* [PROBLEM DESCRIPTION]: Every line below from the one with "Olímpicos — Os Jogos dos Deuses e do Diabo" through the one with "Bonmarche Pink Short" should be retyped exactly, both ends included; no other lines and no pictures.

* [DATA EXCERPTS]:

-.-.-

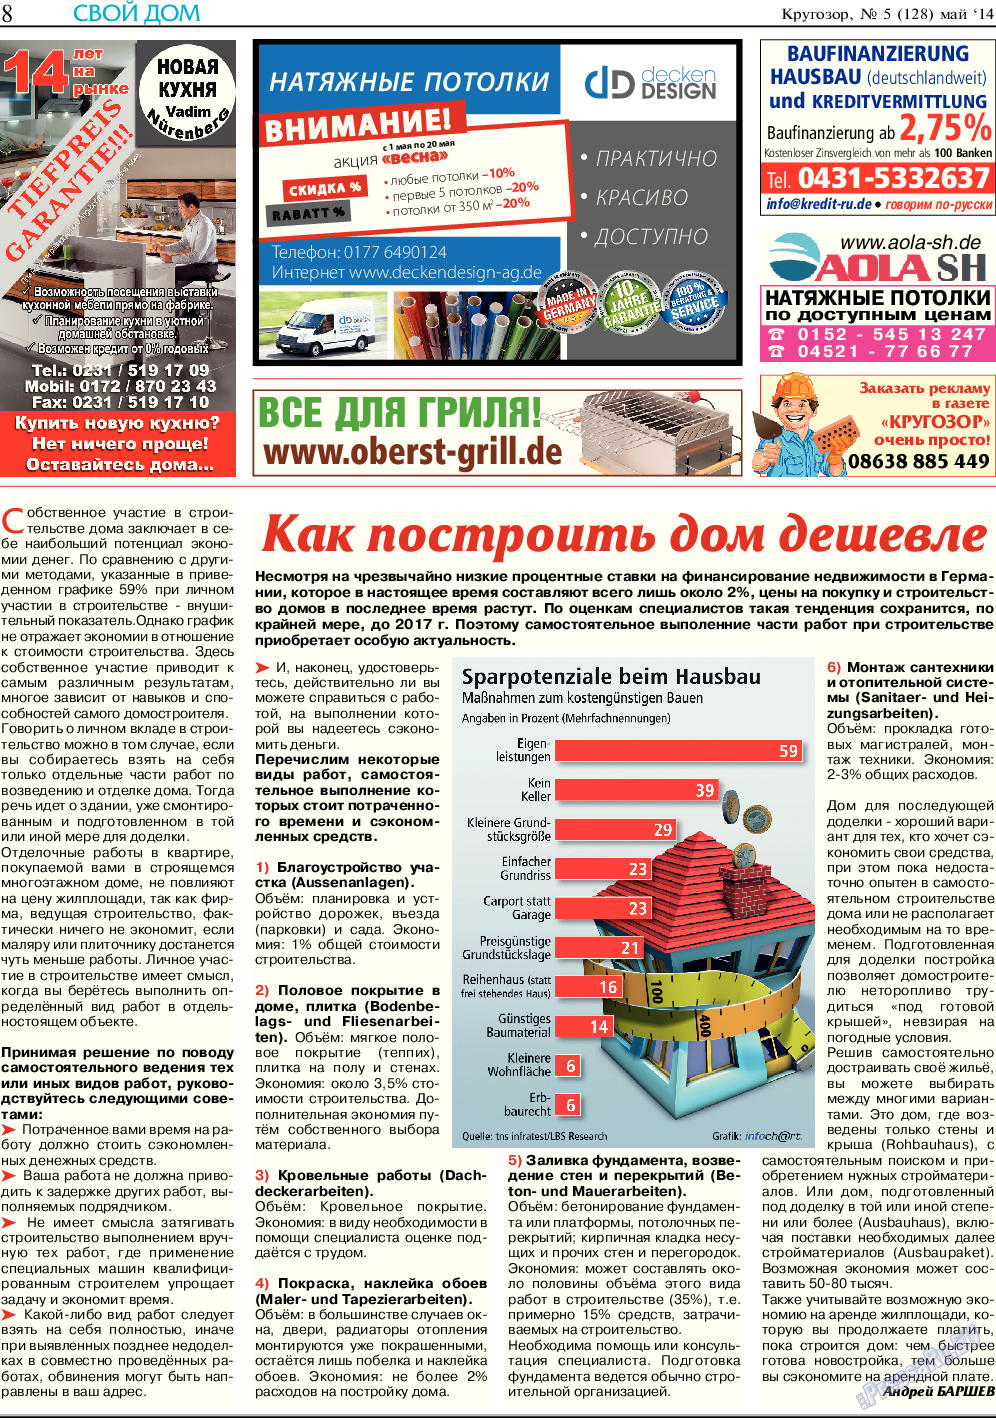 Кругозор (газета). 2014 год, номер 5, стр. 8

-.-.-

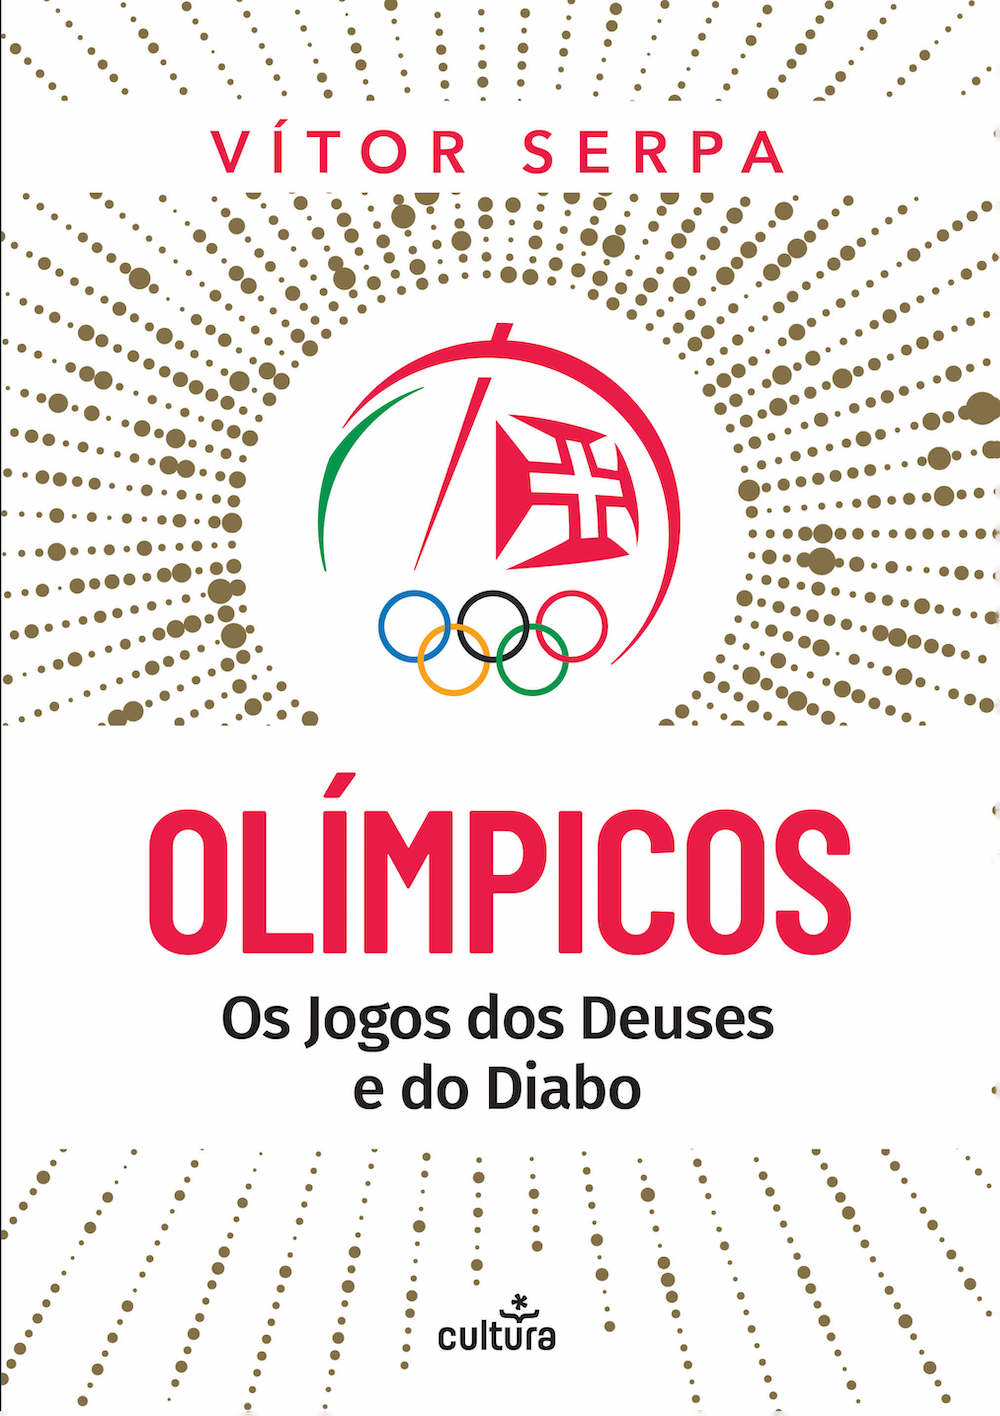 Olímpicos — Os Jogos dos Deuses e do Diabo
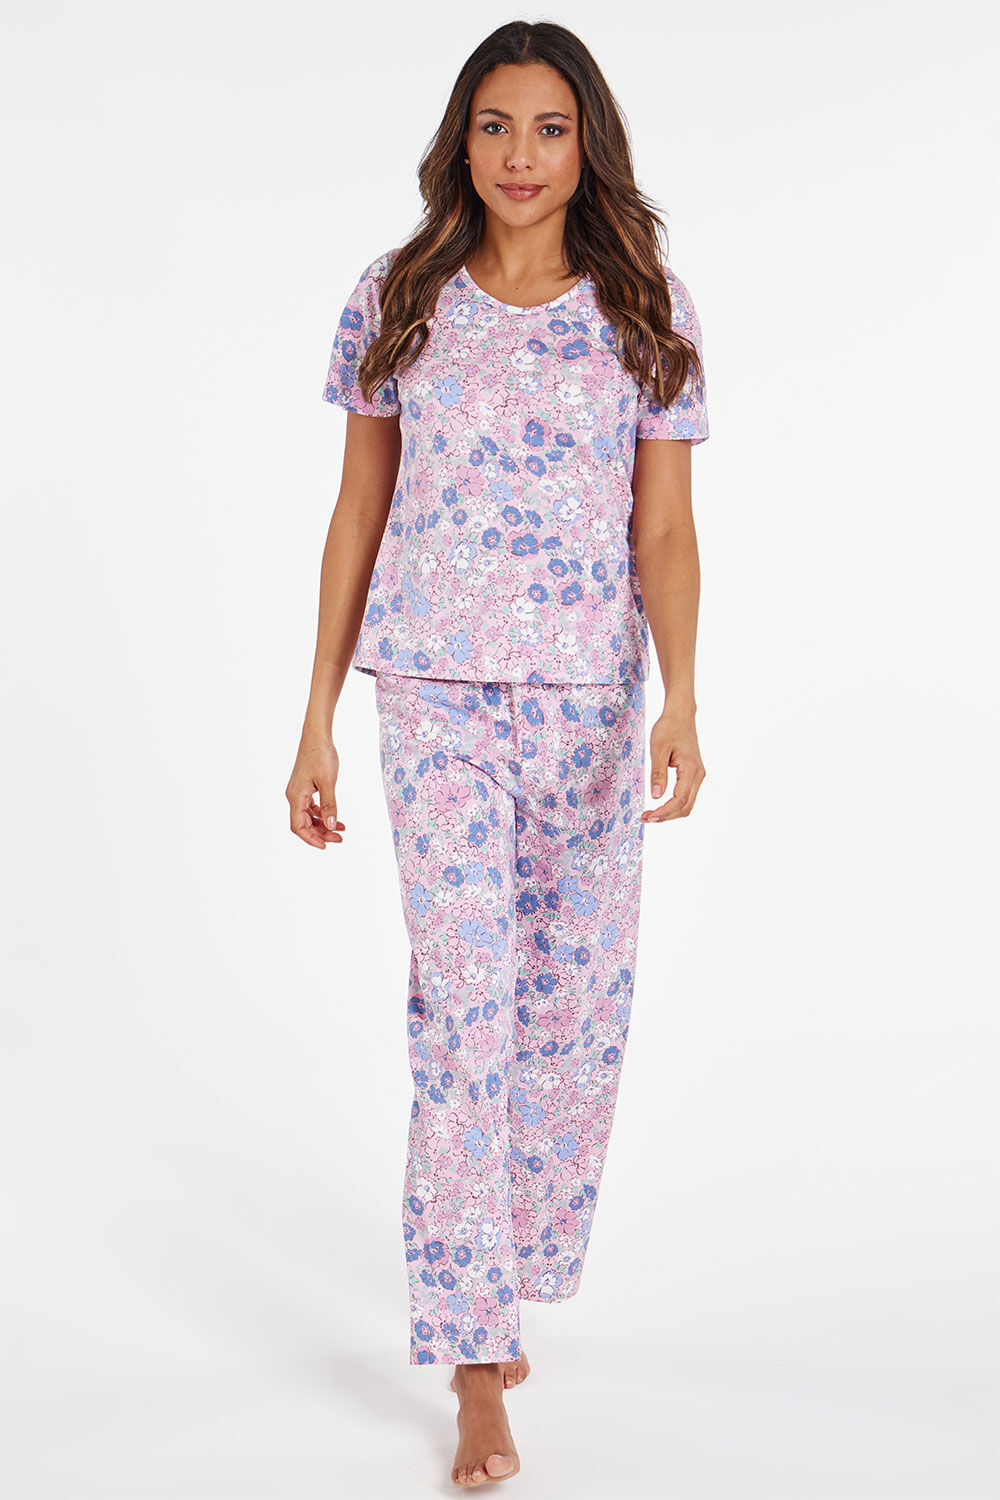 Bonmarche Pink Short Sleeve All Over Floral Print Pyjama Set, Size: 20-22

-.-.-

* [RESULT BELOW]:
 Olímpicos — Os Jogos dos Deuses e do Diabo
 Bonmarche Pink Short Sleeve All Over Floral Print Pyjama Set, Size: 20-22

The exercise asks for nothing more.